### Aim of the exercise:
Reproduce the entries in full and exactly. Pictures stay out.

(Collected data)
>>

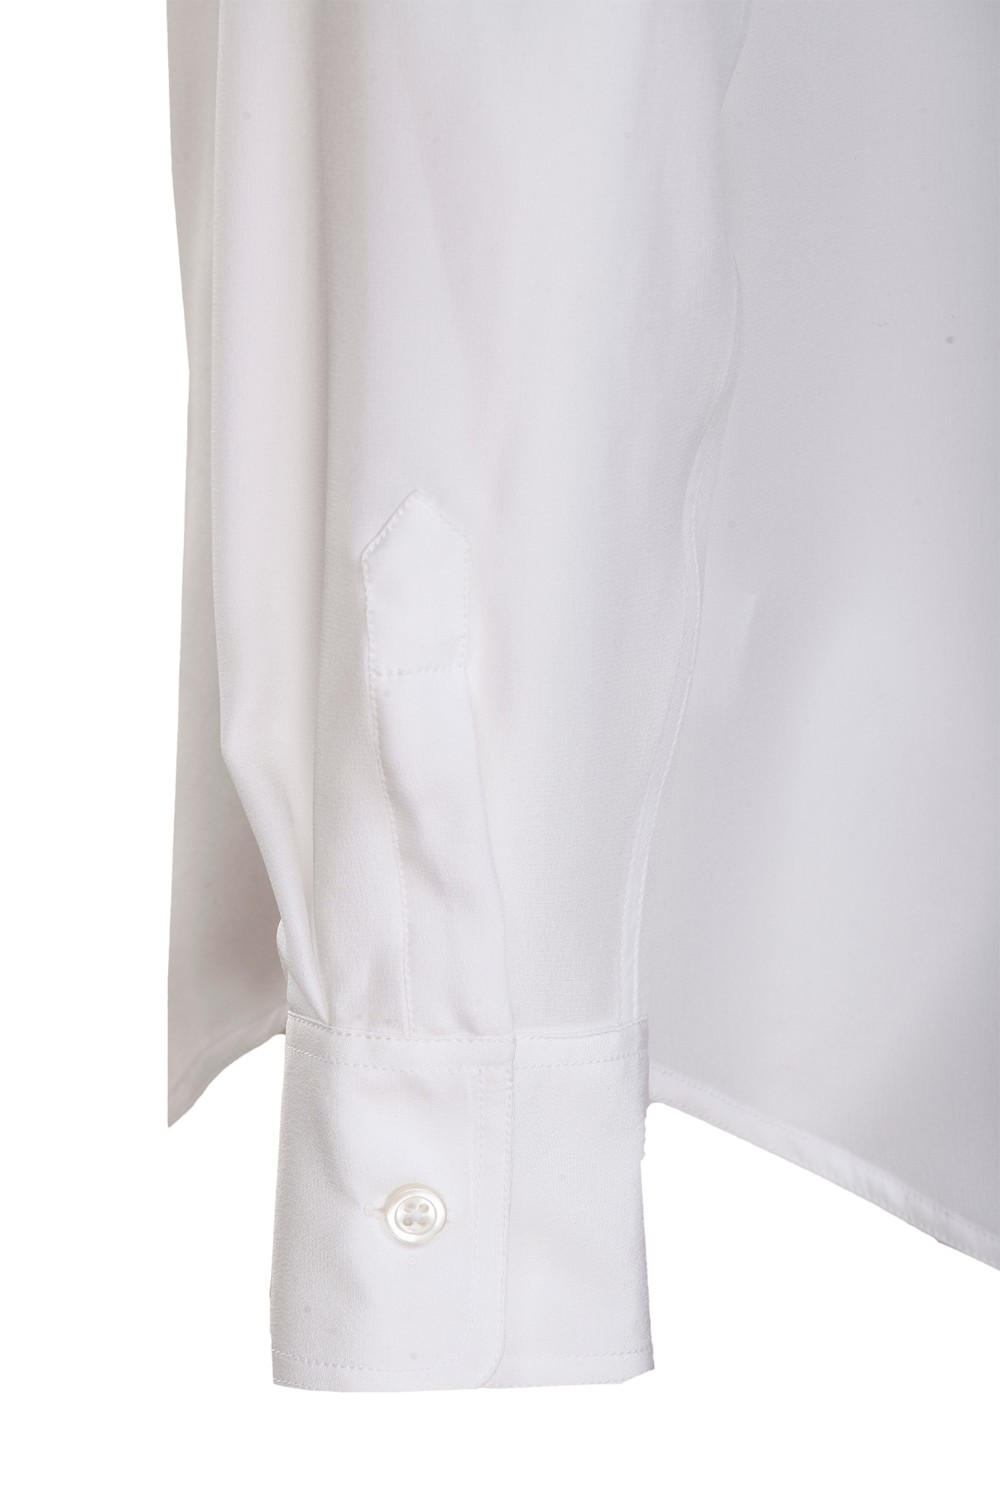 shop BAGUTTA Saldi Camicia: Bagutta camicia bianca.
Colletto a punta.
Maniche lunghe.
Due tasche sul petto.
Vestibilità regolare.
Composizione: 100% viscosa.
Fabbricato in Albania.. MIAS 10415-001 number 3190728

<<

### Task result:
 shop BAGUTTA Saldi Camicia: Bagutta camicia bianca.
Colletto a punta.
Maniche lunghe.
Due tasche sul petto.
Vestibilità regolare.
Composizione: 100% viscosa.
Fabbricato in Albania.. MIAS 10415-001 number 3190728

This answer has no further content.